Apply the taxonomy to improve agentic output
Now that we have a taxonomy, we can start using it to ask more specific questions when the coding harness produces content that is missing necessary understanding.
For instance:
- Step 1: we execute a prompt and see the result is clearly off in some manner
- Step 2: Let's review the taxonomy to pin down what type of miss it is, bottom up
- Normative
- Did it miss using an expected pattern, use one we are avoiding, use a poor example?
- Did it miss a security control or test case?
- ...and so on...
- Positional
- ...
- Semantic
- ...
- Intent
- ...
- Normative
- Step 3: Does the context already exist?
- Yes, but the agent didn't find it
- Yes and the agent found it, but didn't use it
- Yes and the agent found it, but used it poorly
- No
- Step 4: If we run the prompt again with the context pasted in, is the result now aligned with what we were expecting?
- Step 5: Add or adjust the correct type of context, then try again
Our goal is not to fix one prompt, but to build a brain that can match the clues we put together in our first 6-12 months on the job so it will understand what we're saying to a greater and greater degree (we want to raise up the Agent, not dumb down our own speech).
Consider automated verifications
I believe adding a suite of automated verifications is necessary for context to work at organizational scales, past the initial go-live. As we identify and correct that pool of context, we need a way to understand what impact our changes are having and whether we've plugged one hole by re-opening another from 6 months earlier.
Take the process example above: if we extracted the prompt and the context we expected the agent to access from that loop, then it should be possible to build a library of automated verifications over time. Our future selves then have a signal if we break an earlier expectation so we have the information needed to make a conscious decision.
This pattern is not new. It mirrors the progression companies tend to follow from testing through tribal experience, to consistent written test plans, to fully automated test suites.
Context is only a flywheel if it's designed
Context is clearly important, in employees as well as agents.
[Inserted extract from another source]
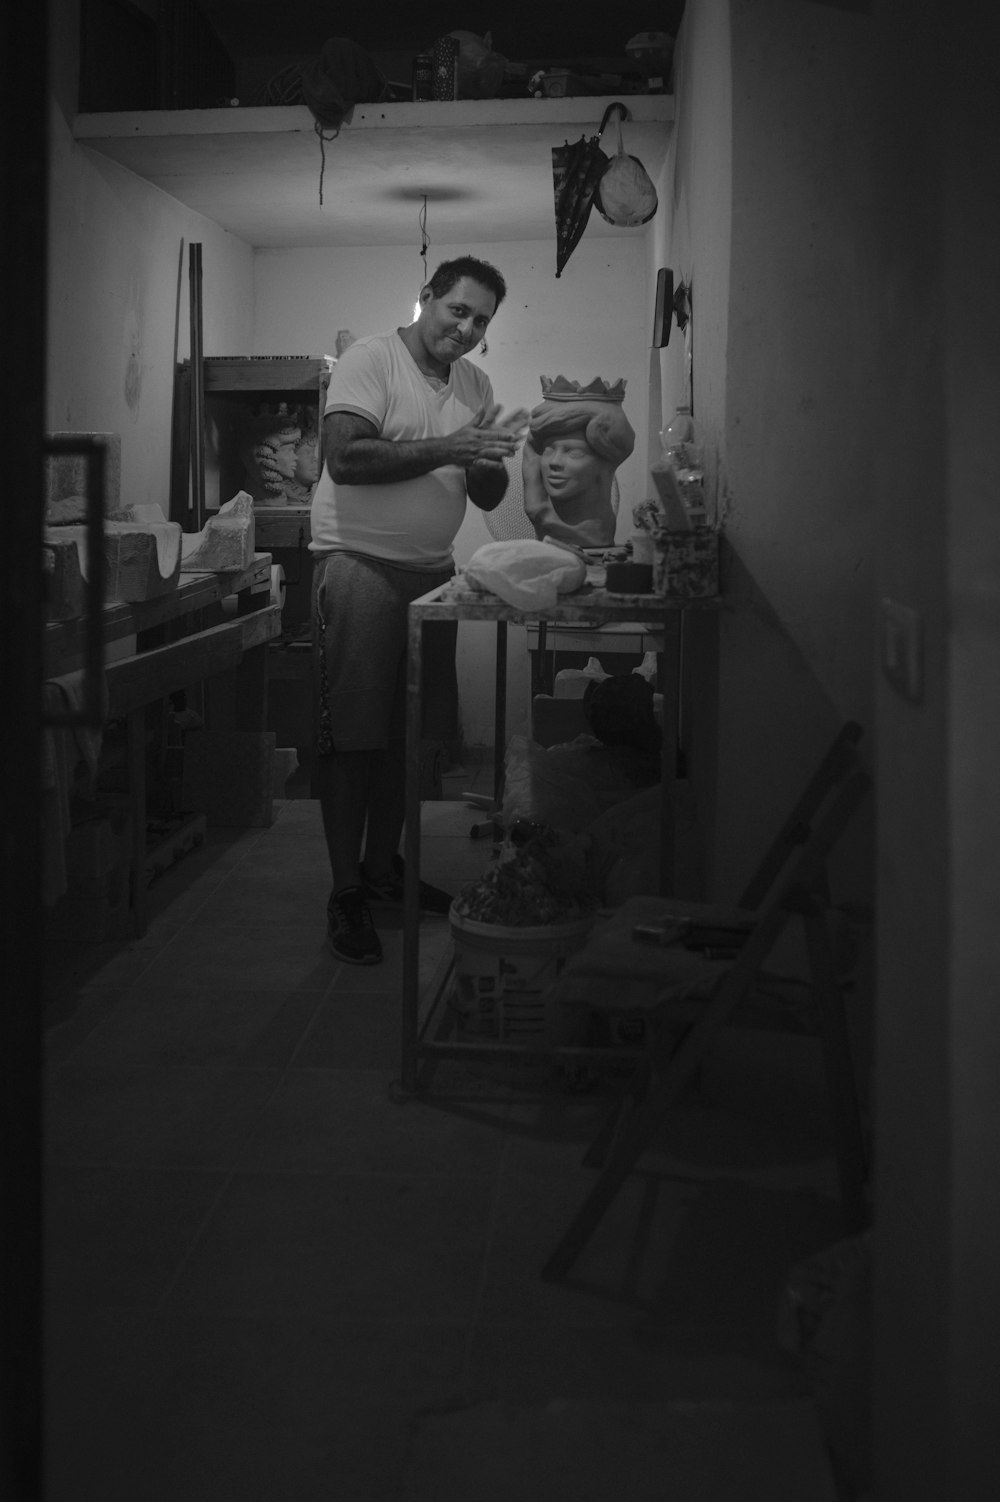 Une photo en noir et blanc d’un homme dans une cuisine

Companies that onboard developers to a high level of effectiveness in 3 months tend to outperform those that take 6-12, and now we're trying to onboard agents in a single prompt.
The taxonomy above can help in the design and assessment, to use alongside all of those great posts on memory systems, progressive disclosure tactics, access methods, and more. By its nature, managing context is going to be an evolutionary effort, which means a lot of our methods of performing continuous improvement, continuous assessment, and other practices will be necessary to keep that flywheel spinning, which I expect to follow-up on more in a later post.